- Born: 22 August 1950 Suwana Bhilwara, Rajasthan, India
- Died: 11 June 2021 (aged 70) Jaipur
- Education: Sawai Man Singh Medical College; Postgraduate Institute of Medical Education and Research;
- Occupations: Neurologist; medical researcher and academic;
- Known for: Neuromyotonia research, medical education, public health
- Spouse: Meena Panagariya
- Children: Arihant Panagariya, Aditi Tandon, Arushi Jain
- Relatives: Arvind Panagariya (brother)
- Awards: Padma Shri; Dr. B. C. Roy Award; UNESCO Award; Government of Rajasthan Merit Award; Times of India Lifetime Achievement Award;

= Ashok Panagariya =

Indian neurologist, medical researcher, and academic (1950–2021)

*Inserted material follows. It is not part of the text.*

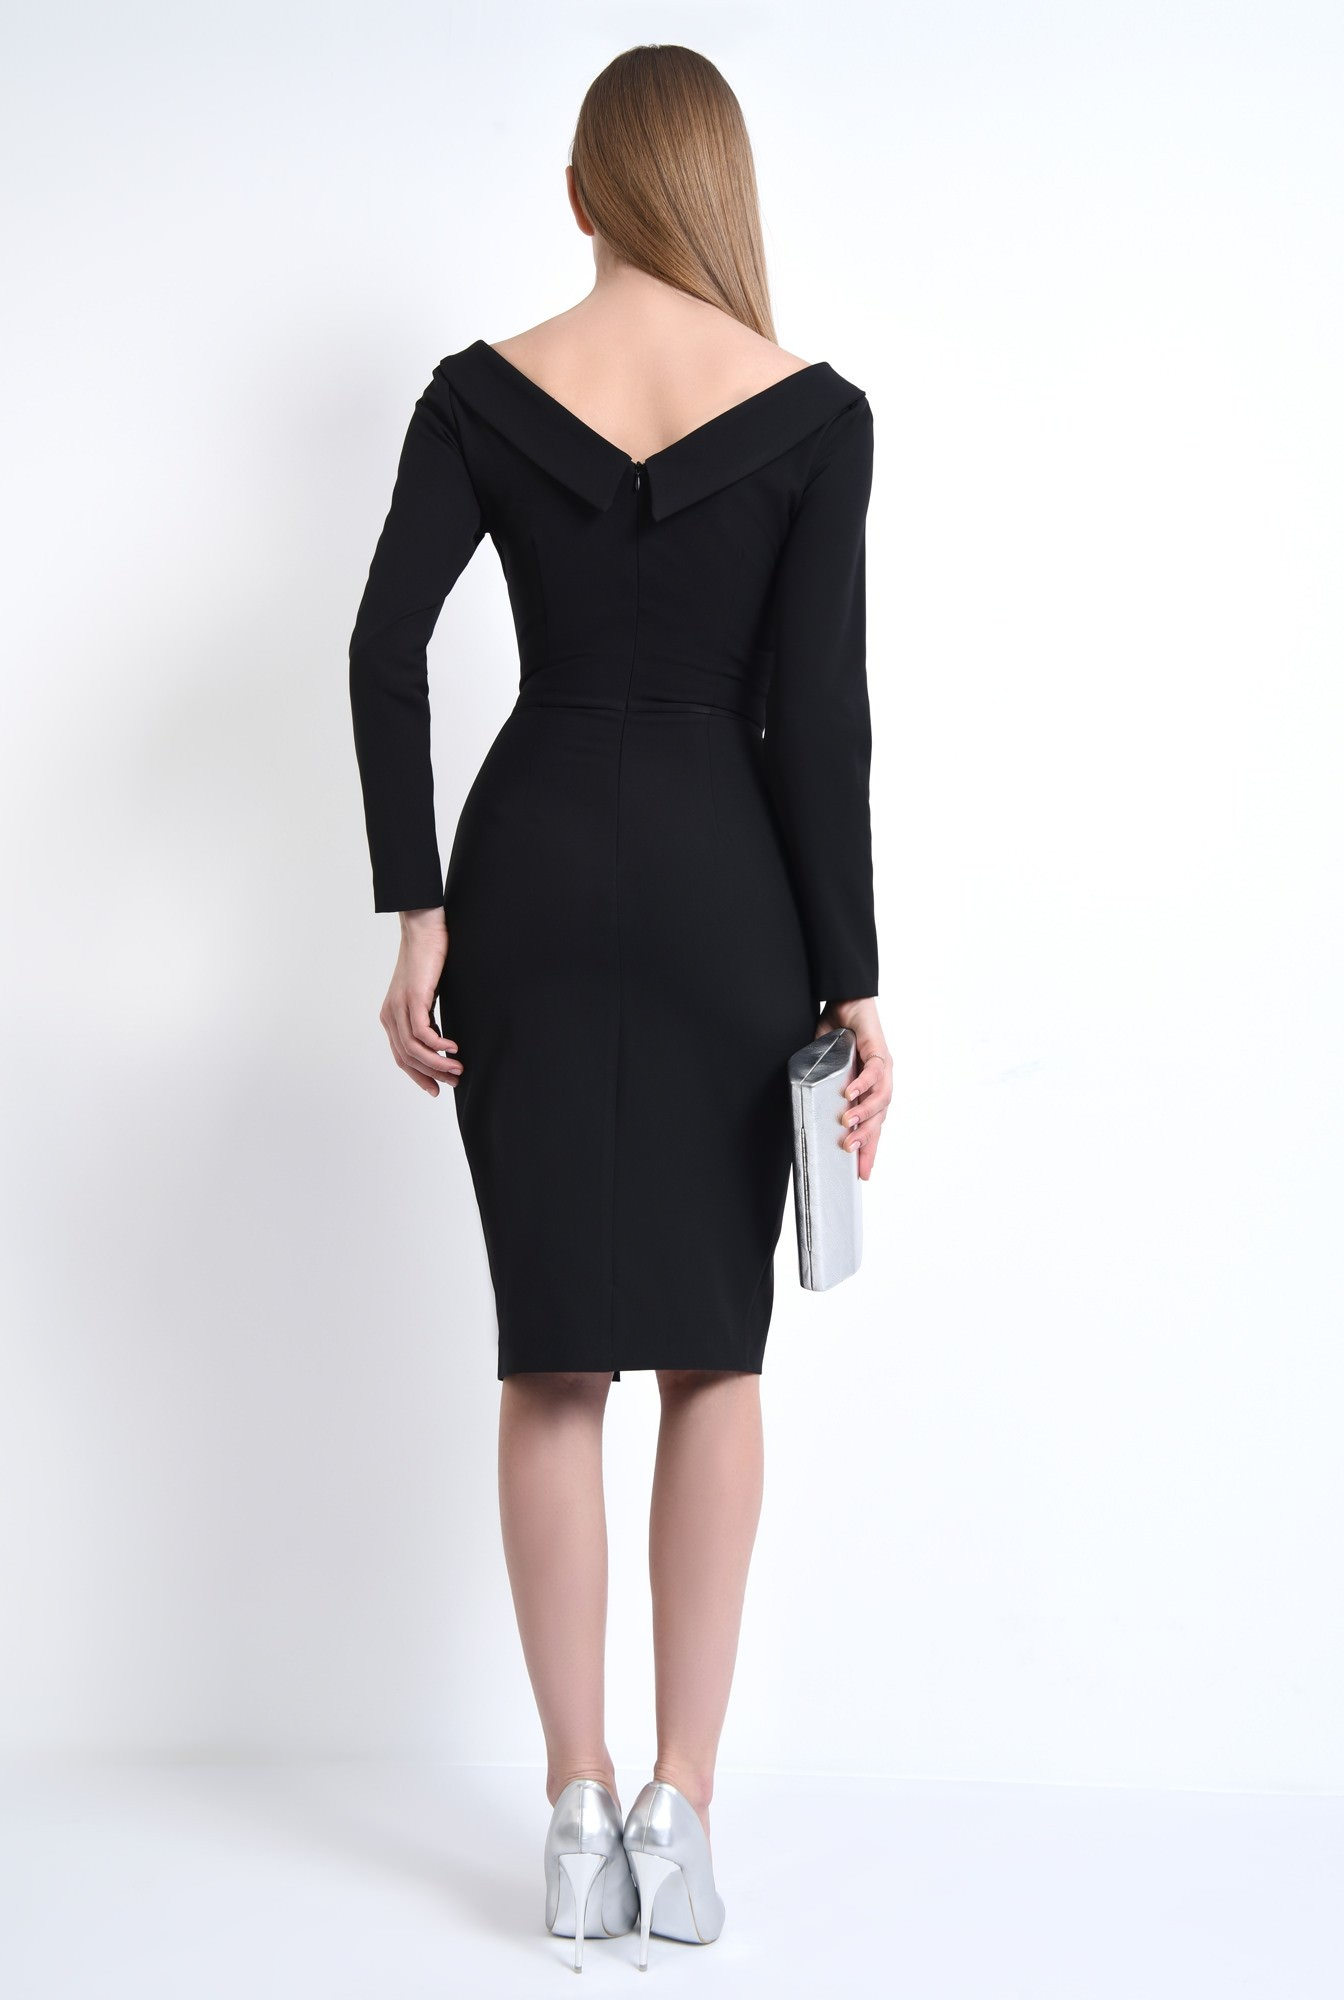 1 - Rochie eleganta neagra, midi

Ashok Panagariya (22 August 1950 – 11 June 2021) was an Indian neurologist, medical researcher and academician, known for his research on nerve cells and neuromyotonia. He was a Vice Chancellor of Rajasthan University of Health Sciences, Jaipur and a member of the Planning Board of the Government of Rajasthan. He was a recipient of the Dr. B. C. Roy Award, the highest Indian award in the medical category. Ashok Panagariya was awarded the fourth highest Indian civilian award of Padma Shri by the Government of India in 2014. He died on 11 June 2021 due to COVID-19 complications.

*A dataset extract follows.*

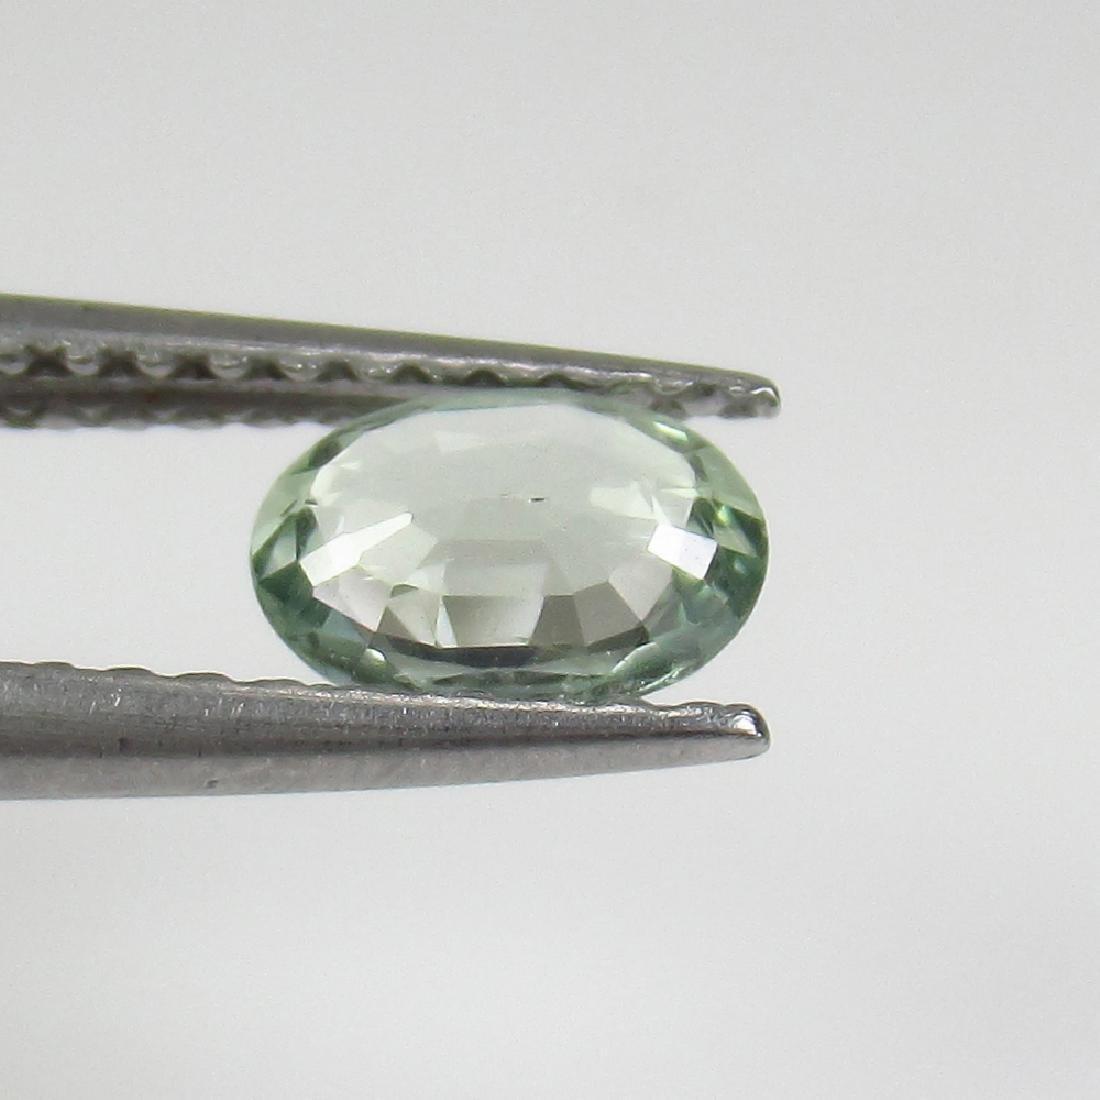 0.45 Ct Genuine Ceylon Green Sapphire Oval Cut - 2

== Early life and education ==
Ashok Panagariya was born on 22 August 1950 in Suwana Bhilwara, in the Indian state of Rajasthan, in a family of freedom fighters. His father Balu Lal Panagariya was a civil servant in the govt of Rajasthan. He obtained his MBBS in the year 1972 and completed post-graduate training in Internal Medicine in 1976 at the Sawai Man Singh Medical College; he then obtained his DM in Neurology at PGI Chandigarh and became a fellow of the Royal College of Physicians.

== Career ==
He headed the department of neurology at the SMS Medical College and became the Principal of the institution. He also served as Vice Chancellor of Rajasthan University of Health Sciences, as the president of Indian Academy of Neurology 2010–2011 and was a member of the State Planning Board on Health.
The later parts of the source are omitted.